Now we face a new kind of threat that is equally dangerous to our way of life — the threat of economic decline. How are we responding? At exactly the moment when we most need to pull together — to create a kind of Team America or Team Maine — we’re pulling apart, consumed with partisanship, pessimism, anger and excuses.

Instead of focusing on the big changes we need to make — in education and training, public-private partnerships, rebuilding infrastructure and opportunity and rewarding success — we argue about small things such as welfare reform and immigration, which are on the margins of the urgent work that needs to be done.

Politics only makes matters worse. Saying dumb things now produces loud applause. Facts matter less than playing to voter’s fears and prejudices. A recent analysis of statements by this year’s presidential candidates showed that most are now speaking at a sixth- to eighth-grade level. Donald Trump, who is the winner-for-the-moment in this new game, is speaking at a fourth-grade level. George Washington, Abraham Lincoln, Franklin Roosevelt and John Kennedy, it should be noted, all spoke to Americans as adults.

Do we really think that fourth-grade ideas are the solution to our problems? Or that further dividing us by region, race or party affiliation are a winning formula against economic competition? It seems clear now that pettiness and the pessimism are making it impossible for us to confront today’s greatest challenges. The only answer: more adults and less division.

Here’s an illustration from our history on how to win. During the Great Depression, in the 1930s, President Roosevelt experimented with any idea that might pull us from the brink of financial and political disintegration. He also made hundreds of speeches to get the economy going again.

Of all the things that Roosevelt did or said, none was more powerful than a few simple words that focused on America’s drift toward despair and resignation. He didn’t speak about policies or programs, or who was to blame. Instead, he talked about confidence and hope, which were then under a withering strain.

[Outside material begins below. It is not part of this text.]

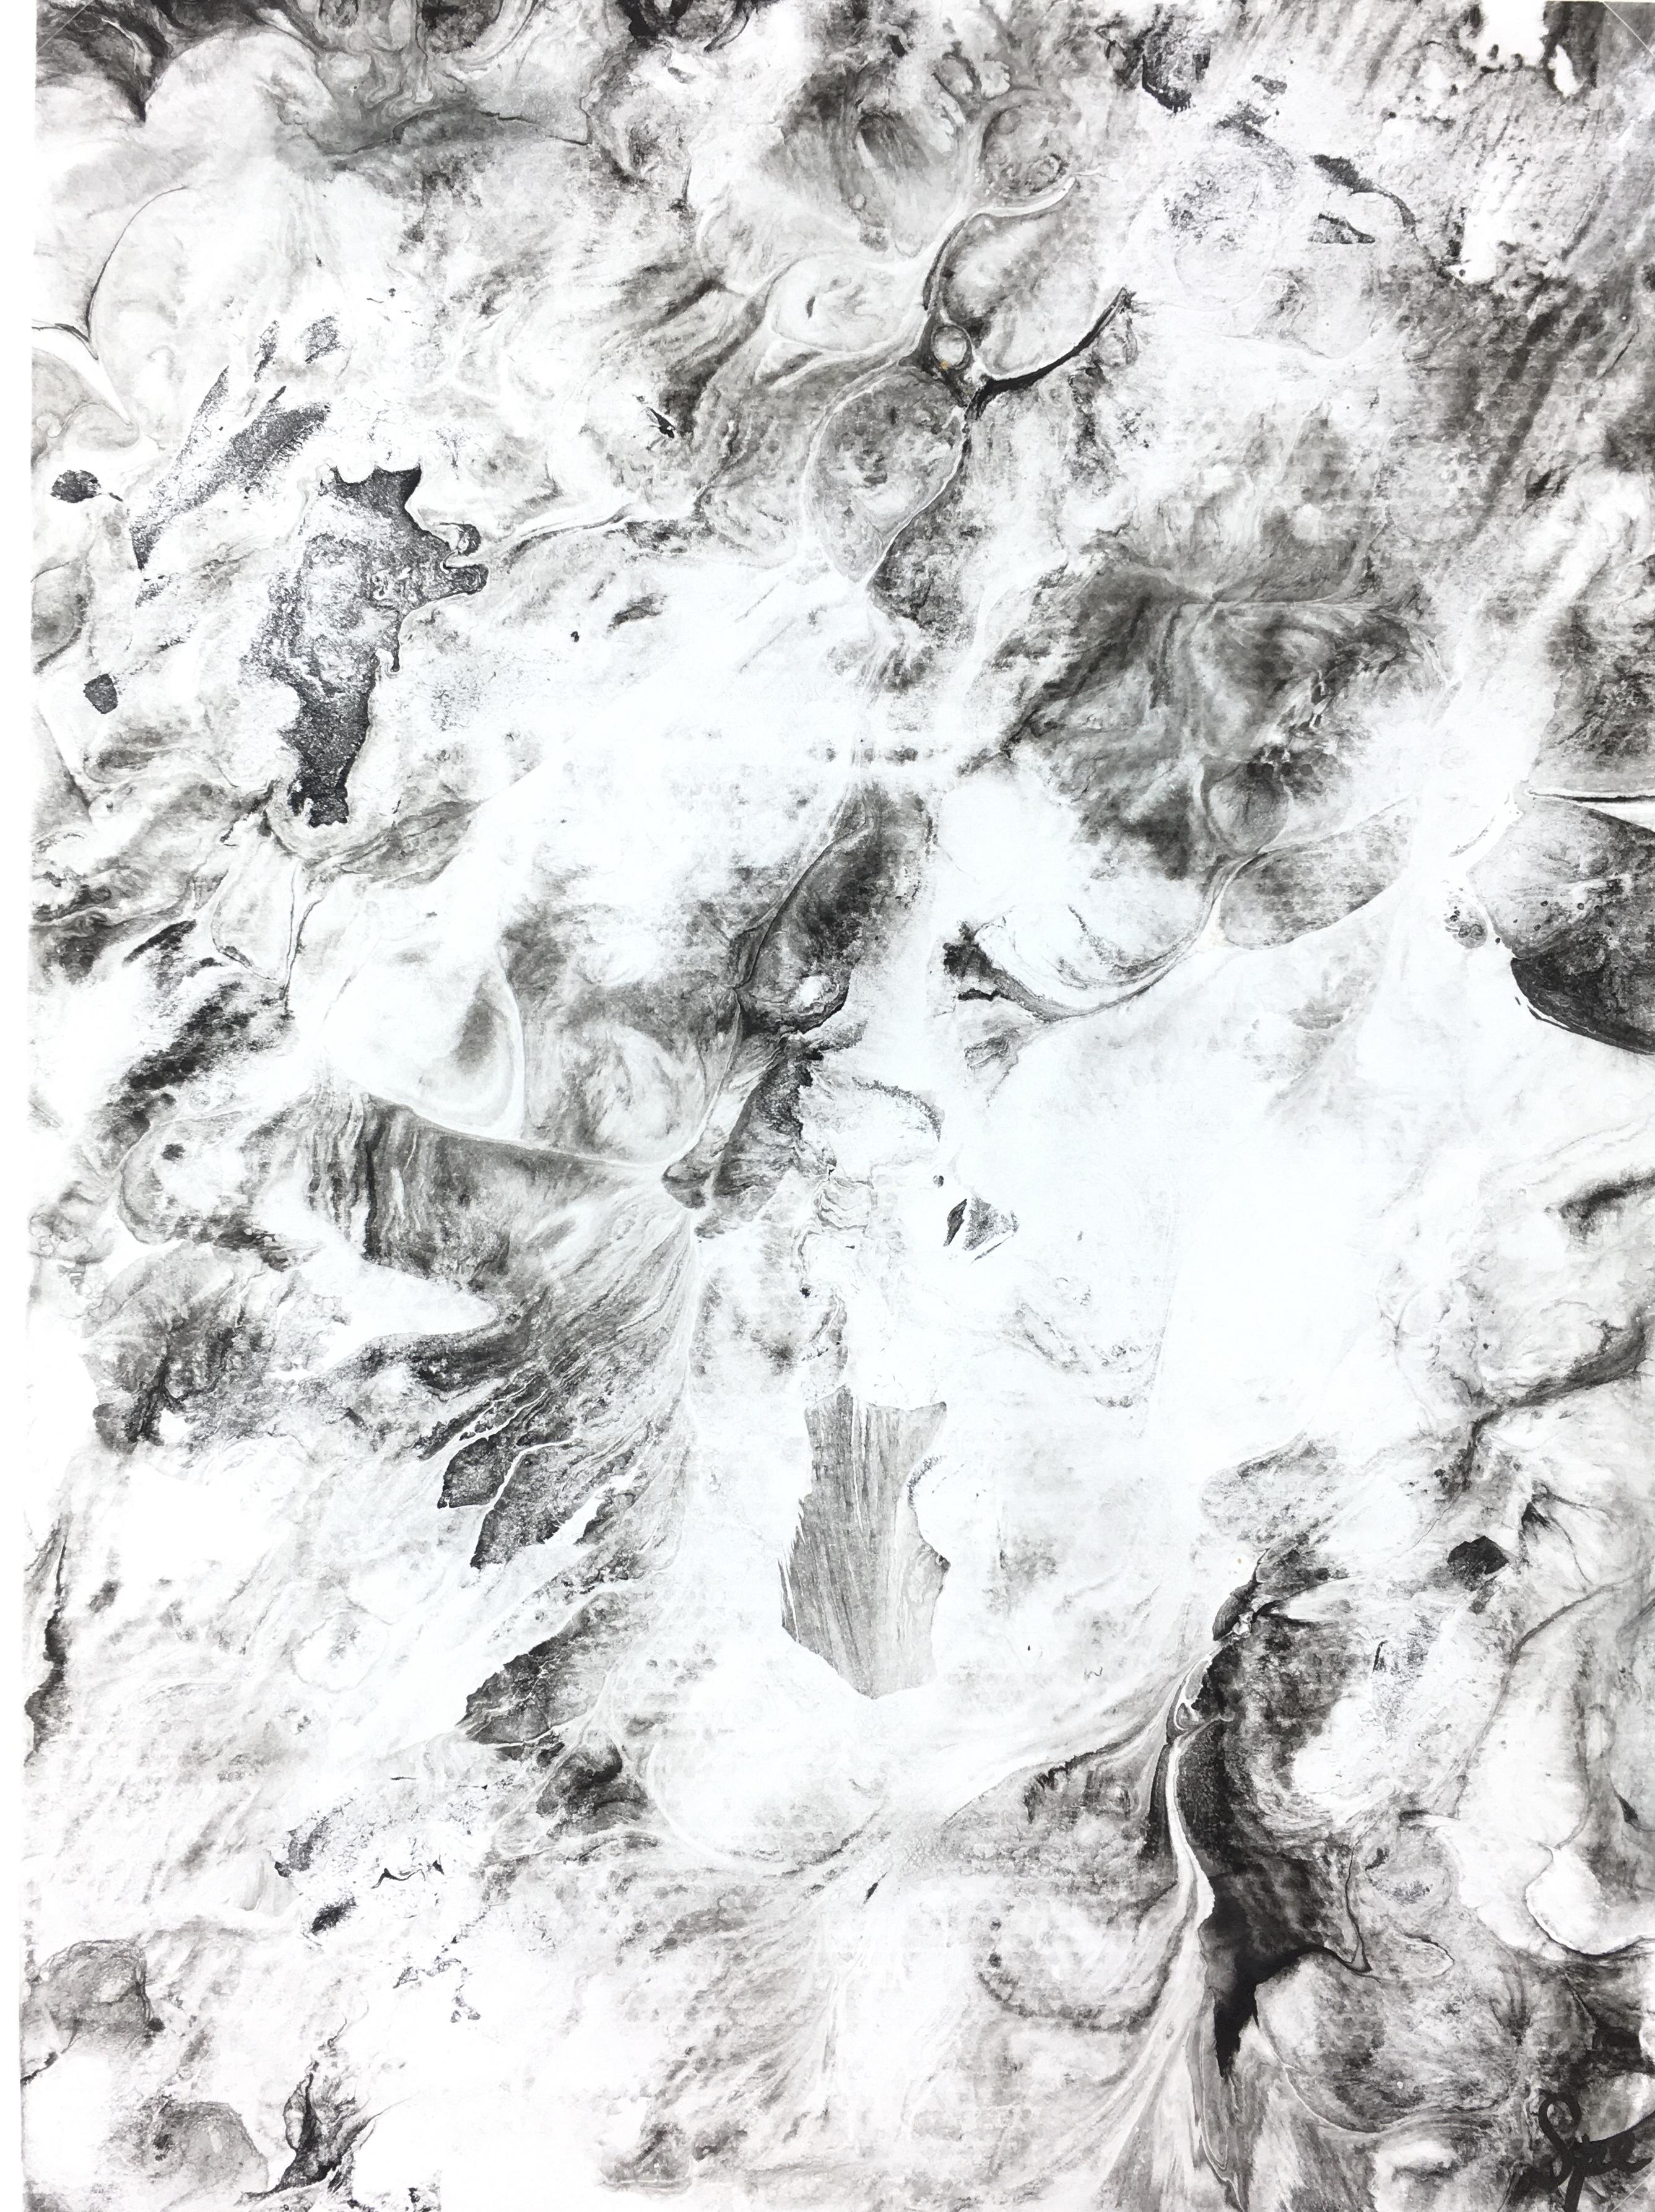 Modern Original Art - Suminagashi, Spe, 2018

In his first inaugural address to Congress, in 1933, Roosevelt said; “The only thing we have to fear … is fear itself.” FDR knew, at a deeply personal level, the dangers of defeatism and pessimism and how they can block recovery and renewal. Struck down by polio when he was 39, at what was then the peak of his physical and political power, Roosevelt was never again able to walk unaided.

Over a two-year period, he fought the degeneration of his muscles, exercising constantly. Within a year, he was able to walk again, with help. Ten years later, he was the president of the United States. Throughout that two-year struggle, Roosevelt insisted that only optimistic and hopeful people could be around him.

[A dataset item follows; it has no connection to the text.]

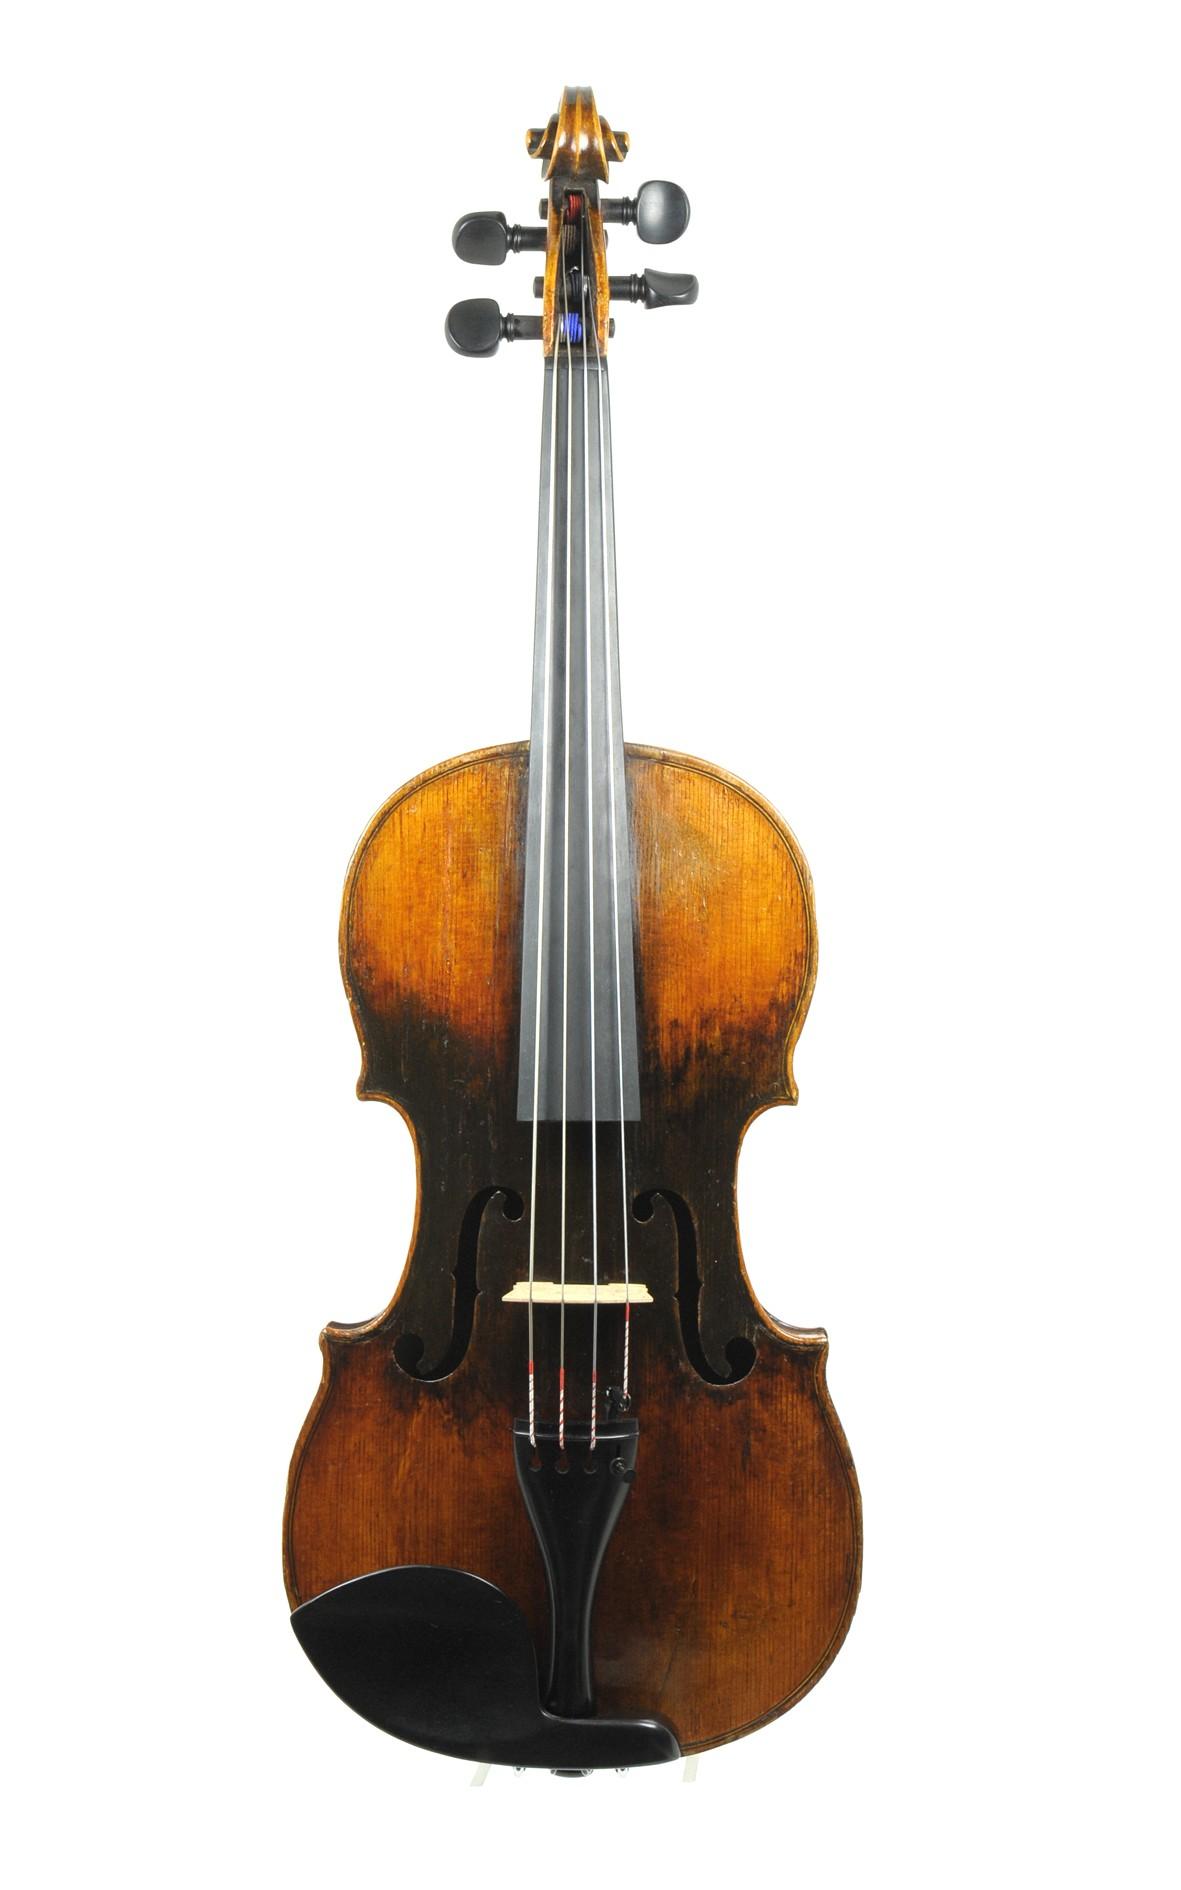 Petite French viola, 19th century - top

Roosevelt literally lifted himself up with the strength of his personal determination, willing himself back into public life and into our history books. And then he helped a nation lift itself up.

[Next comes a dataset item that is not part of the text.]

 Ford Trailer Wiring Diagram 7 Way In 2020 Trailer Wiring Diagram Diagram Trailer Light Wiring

What Roosevelt understood, for himself and for the country, was that without a positive attitude and effective teamwork, no great victories can be achieved. Today, we could use more Roosevelts and a lot fewer Trumps.

(Part of this column is excerpted from an upcoming book, “Maine’s Next Economy,” which is scheduled for release on Nov. 20.)

Alan Caron, a Waterville native, is a partner in the Caron and Egan consulting group, which is active in growing Maine’s next economy. Email at [email protected]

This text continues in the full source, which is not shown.